A DOJ filing late Wednesday to New York federal judge Lewis Kaplan said it had been informed that the Bahamas “did not intend to extradite the defendant on the campaign contribution count.”
Therefore, the DOJ told Kaplan, U.S. treaty obligations preclude prosecutors from including the campaign contributions count in trial proceedings.
SBF made the second-largest donation to President Joe Biden's presidential campaign, according to details revealed in The Wall Street Journal.
Bankman-Fried and other FTX executives spent at least $1 million on political contributions in the weeks before the company’s bankruptcy, including a large donation to Senate Republican leadership, according to Roll Call.
The DOJ made the filing hours after the judge put a gag order on Bankman-Fried after prosecutors said the former cryptocurrency billionaire leaked writings from his former business partner and girlfriend Caroline Ellison to The New York Times.

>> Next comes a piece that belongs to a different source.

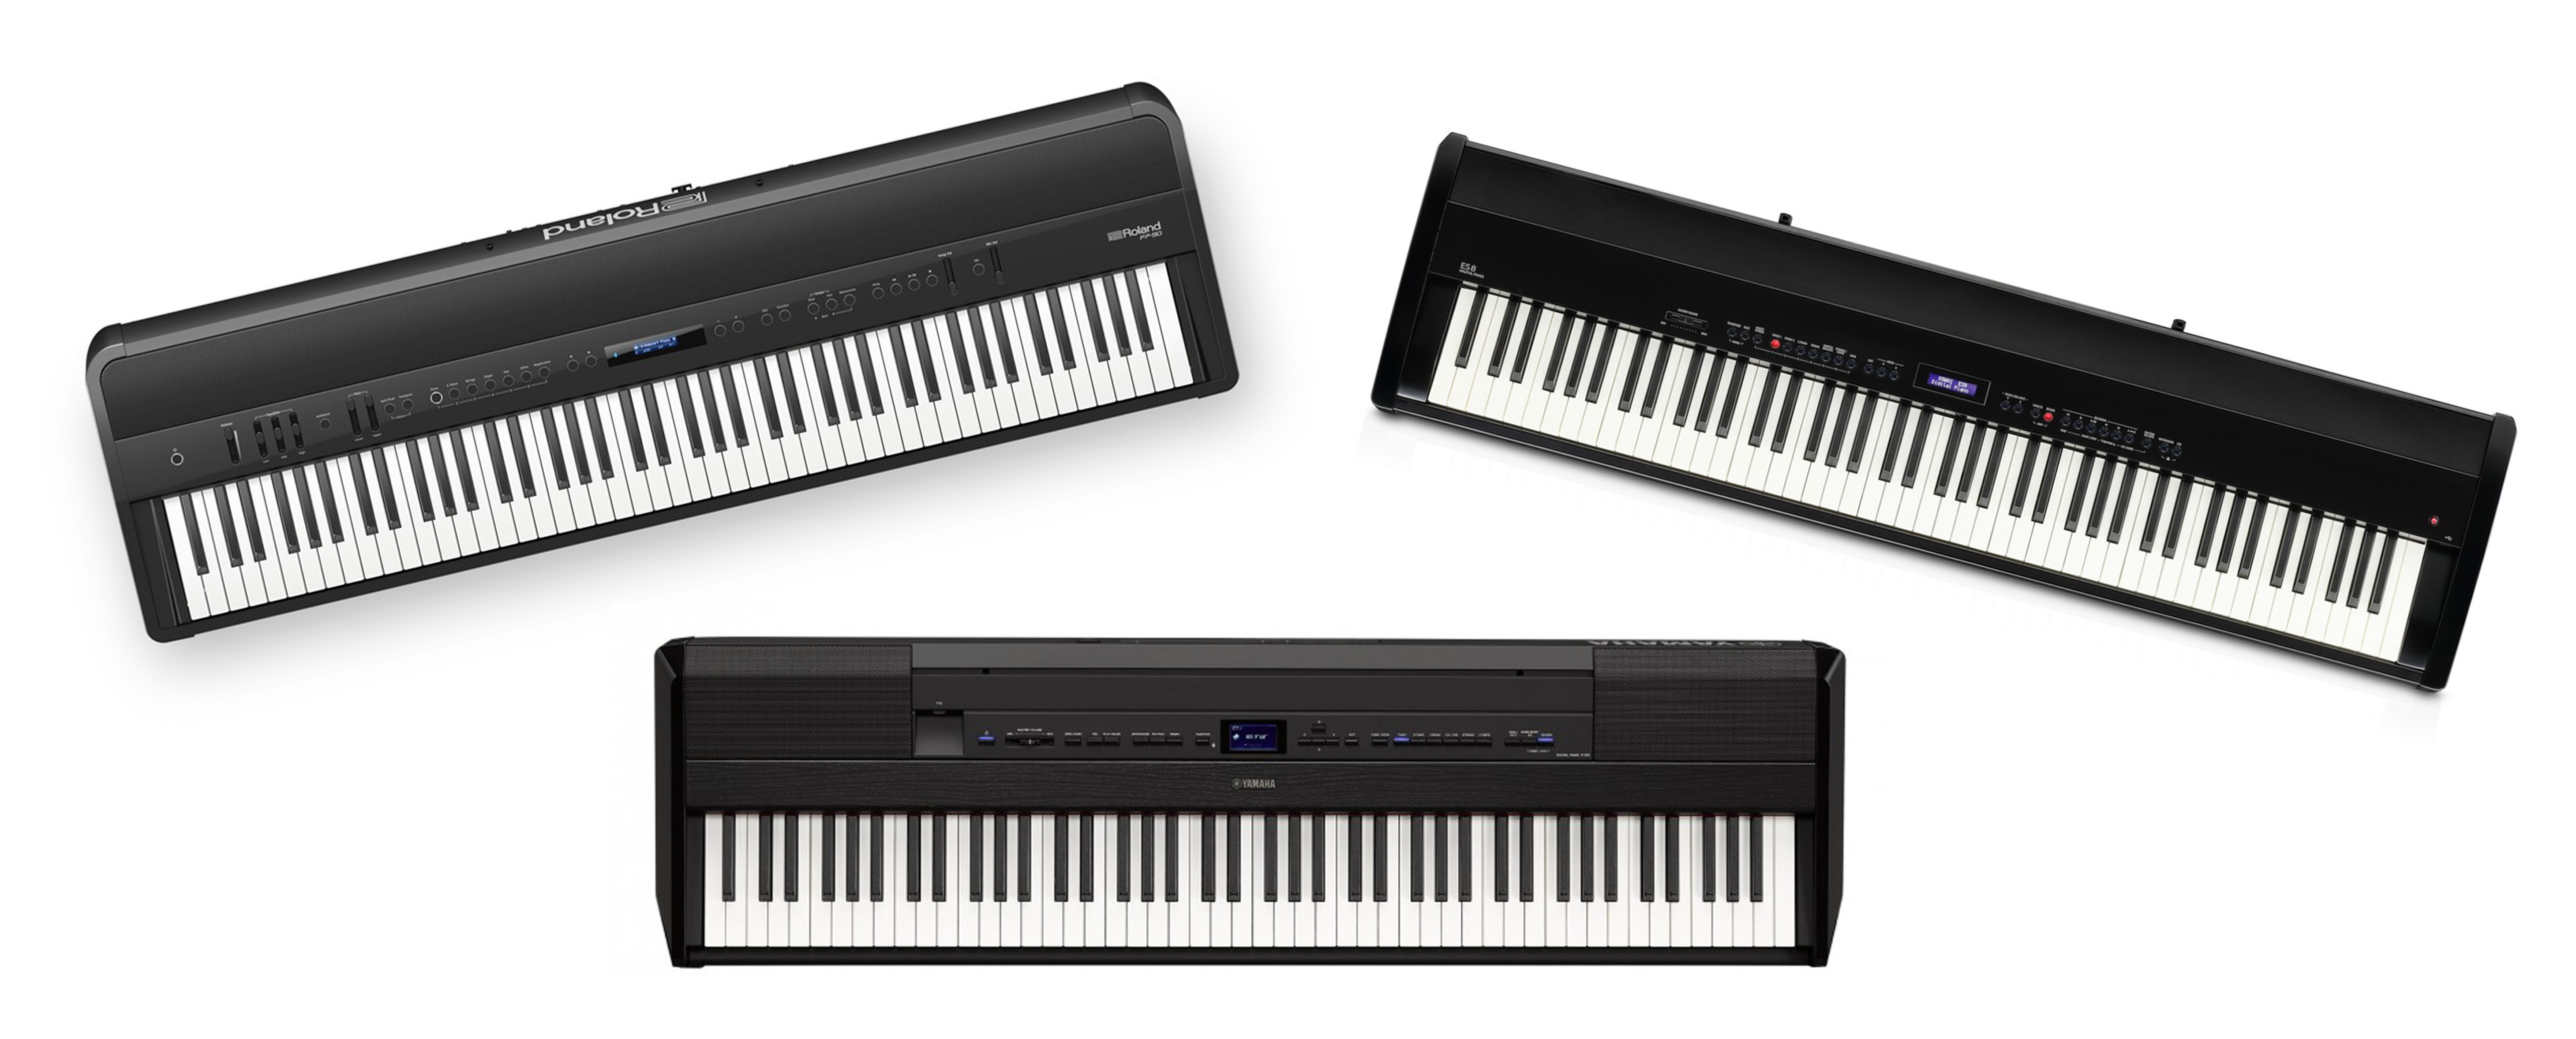 Roland FP-90, Yamaha P-515 ja Kawai ES-8: keikkapianovertailu

The dismissal of the campaign finance charges against Bankman-Fried follow DOJ’s temporarily dropping five additional charges against him in June—including bank fraud, running an unlicensed money-transmitting business and bribery—to give SBF’s attorneys a chance to fight them.
The terms of SBF’s extradition from the Bahamas in December included eight original counts but require the Bahamian government to approve any further charges against the accused fraudster.
In May, SBF’s lawyers asked the court to dismiss the most serious criminal charges against him, calling them “dramatic” and saying they turned “civil and regulatory issues into federal crimes.”
In addition, Bankman-Fried’s attorneys blamed the collapse of FTX, once valued at $32 billion, on the “crypto winter” of 2022.
Kaplan responded to the request late last month, calling them “either moot or without merit.”